Environmentalists Oppose Tying Broadband Expansion To Toll Roads
A project tying toll roads to a broadband expansion has made some mad because they say there’s no need for additional roadways. Opponents believe the expansion can happen without road construction. But the Florida Department of Transportation Chief Engineer Will Watts believes it’s best to combine the two.
“First transportation right away can be a location for broadband, conduit, fiber, or other wireless systems reducing the costs for taxpayers. This can be particularly useful for helping building out the middle of the mile systems,” Watts said. “Secondly we can coordinate highway construction with broadband installation.”
Watts spoke about the issue during a Wednesday meeting on the toll road expansion plans. The plan to build the roads was signed into law in 2019. The roads were sold as a way to create more evacuation routes and help transport Florida’s growing population.

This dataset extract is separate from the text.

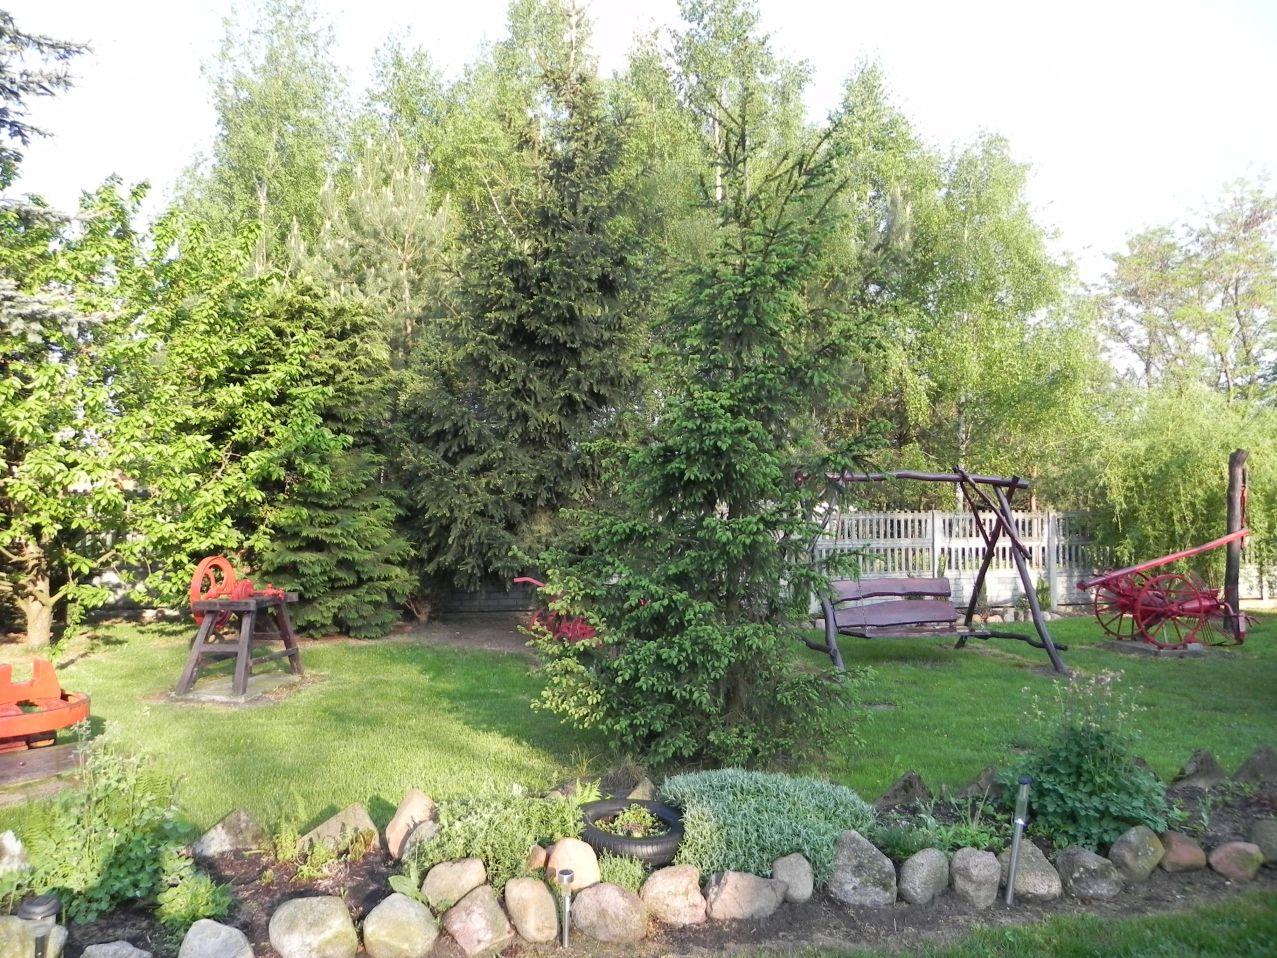 Galeria zdjęć Sochowej Zagrody - podwórko i przyroda (29)

Environmentalist group, The Sierra Club of Florida, claims the construction and new roads will cause harm to rural environments. They believe building three new toll roads is unnecessary, especially if the reason is to expand broadband access. Michael McGrath with Sierra Club says it’d be a lot cheaper to just focus on broadband.

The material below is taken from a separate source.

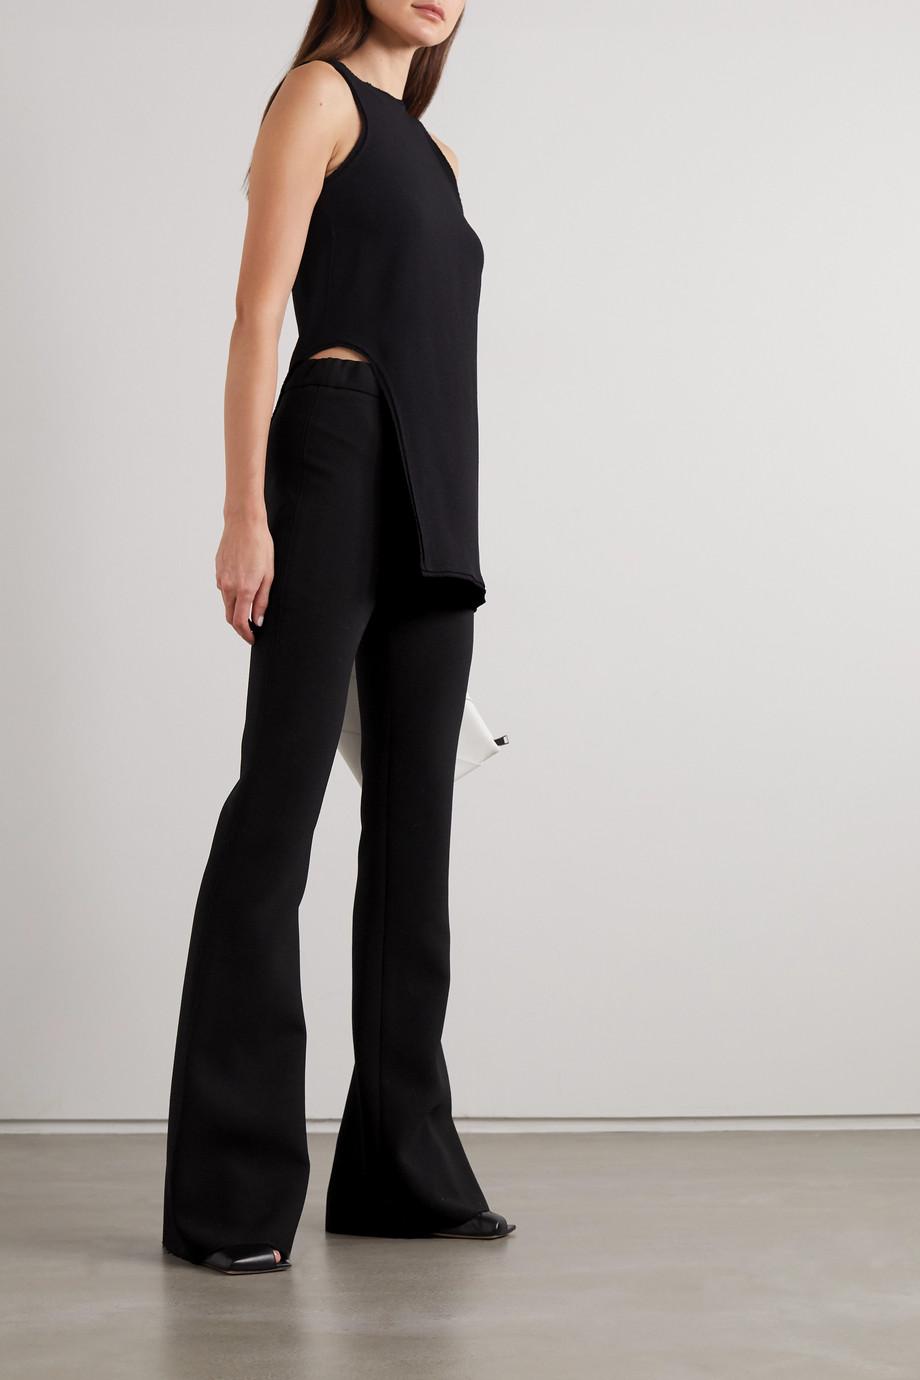 GAUCHERE Rihanna 羊毛喇叭裤

“The lower estimate for how much that would cost would be around 110 million dollars or so, and the upper estimate will be around 209 million dollars for deploying broadband access to all those county areas,” McGrath said. “And that’s using the existing infrastructure that you already have within the state of Florida for our roads and whatnot.”
The new toll road project is expected to cost more than 10 billion dollars. McGrath says not only does it save money to focus solely on broadband expansion, but it also saves the ecosystems of small communities that the new roads would travel through.